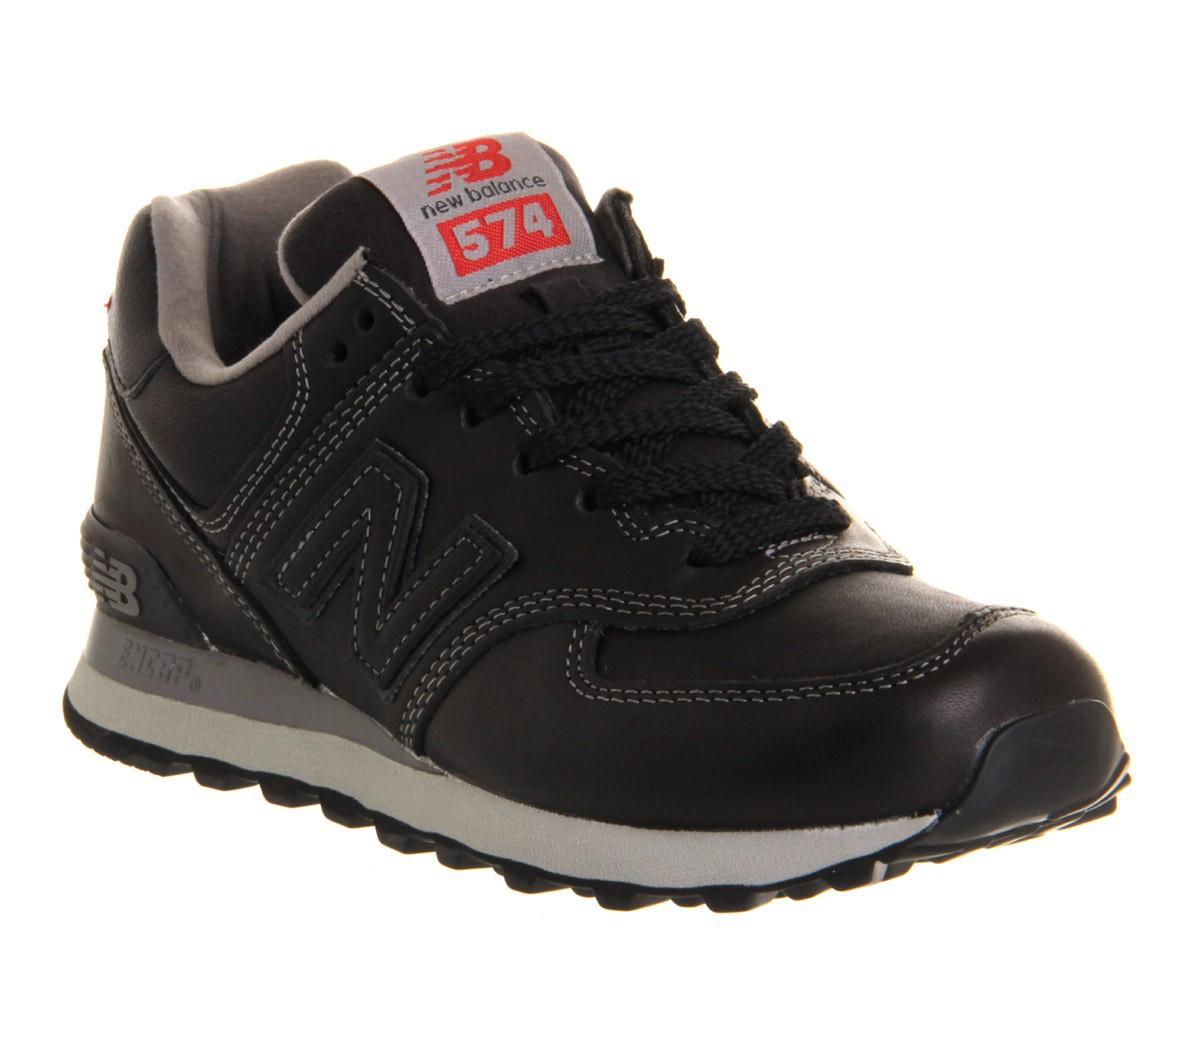 new balance 574 cuir noir homme
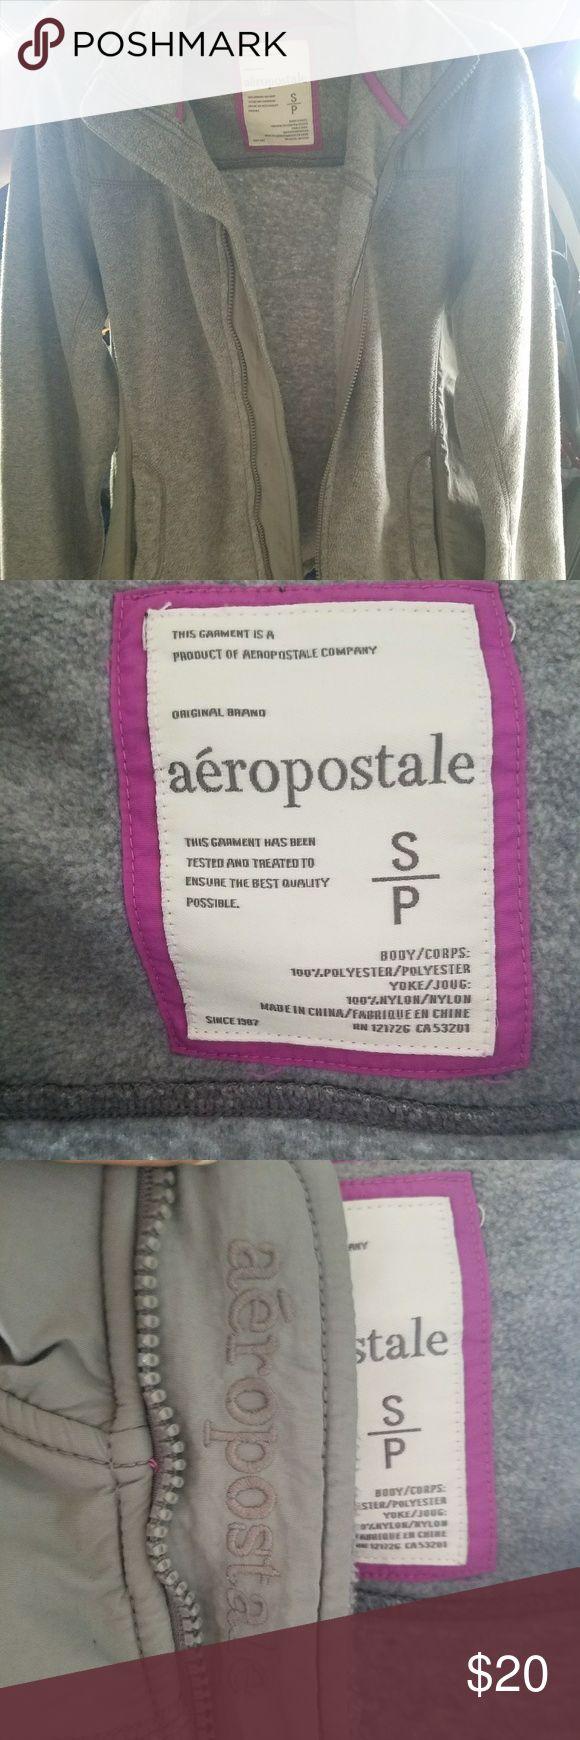 Aeropostale Fleece zip up warm jacket (Small) Comfy neutral jacket styled like a common Northface jacket. No flaws, smoke-free home. OFFERS ACCEPTED! (: Aeropostale Jackets & Coats
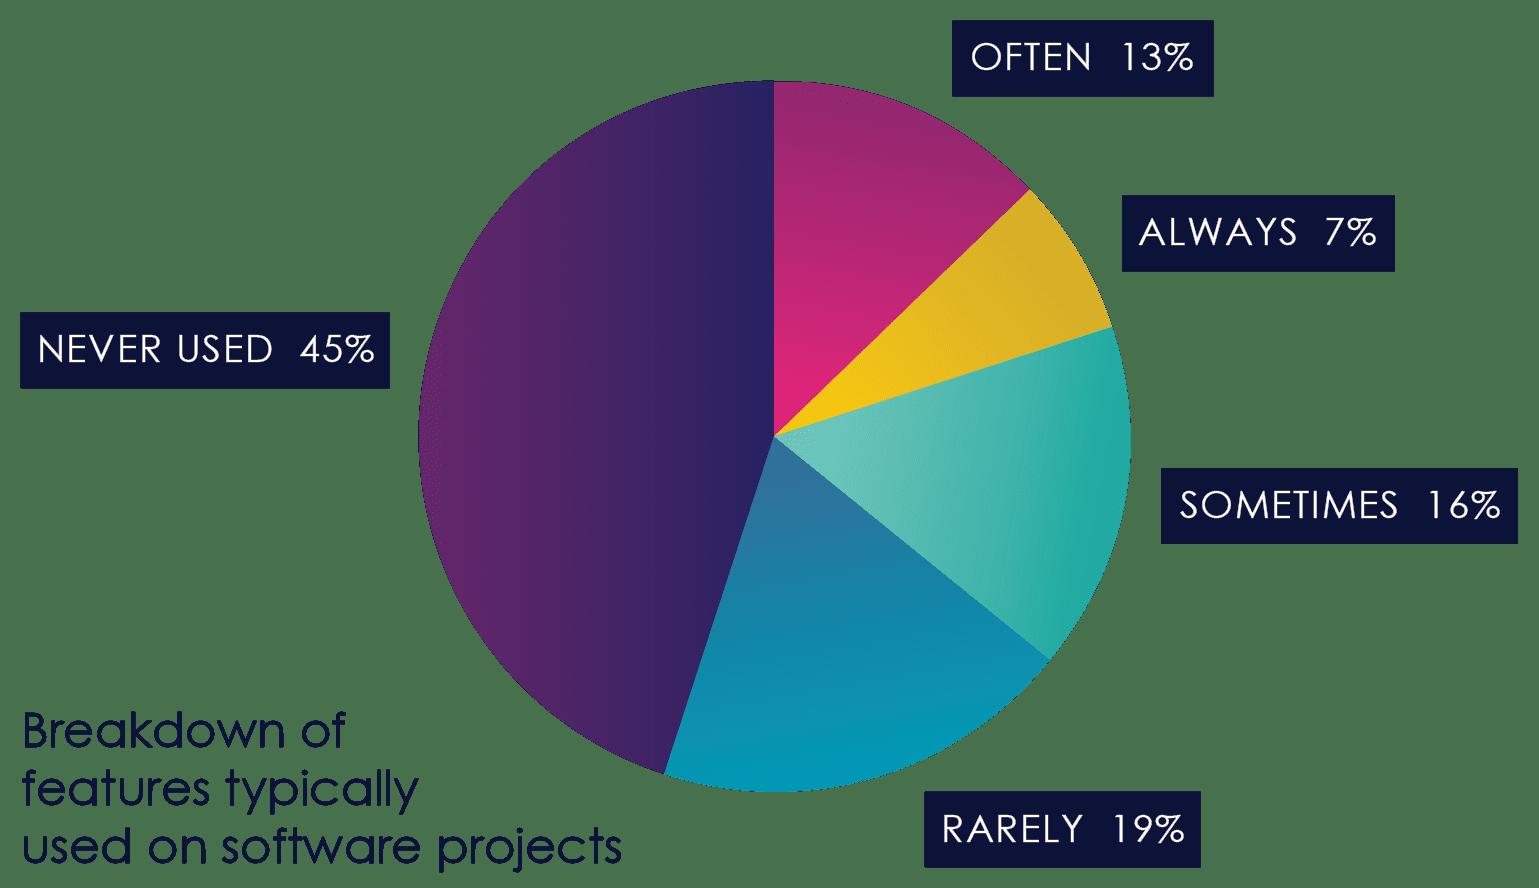 /Users/lichen/Desktop/eBook_graphs_3.pie chart copy.png

::::::::

> **What to do**:
All of the lines above must be printed again exactly, and no picture may appear in the copy.

> **Written answer**:
 new balance 574 cuir noir homme
 Aeropostale Fleece zip up warm jacket (Small) Comfy neutral jacket styled like a common Northface jacket. No flaws, smoke-free home. OFFERS ACCEPTED! (: Aeropostale Jackets & Coats
 /Users/lichen/Desktop/eBook_graphs_3.pie chart copy.png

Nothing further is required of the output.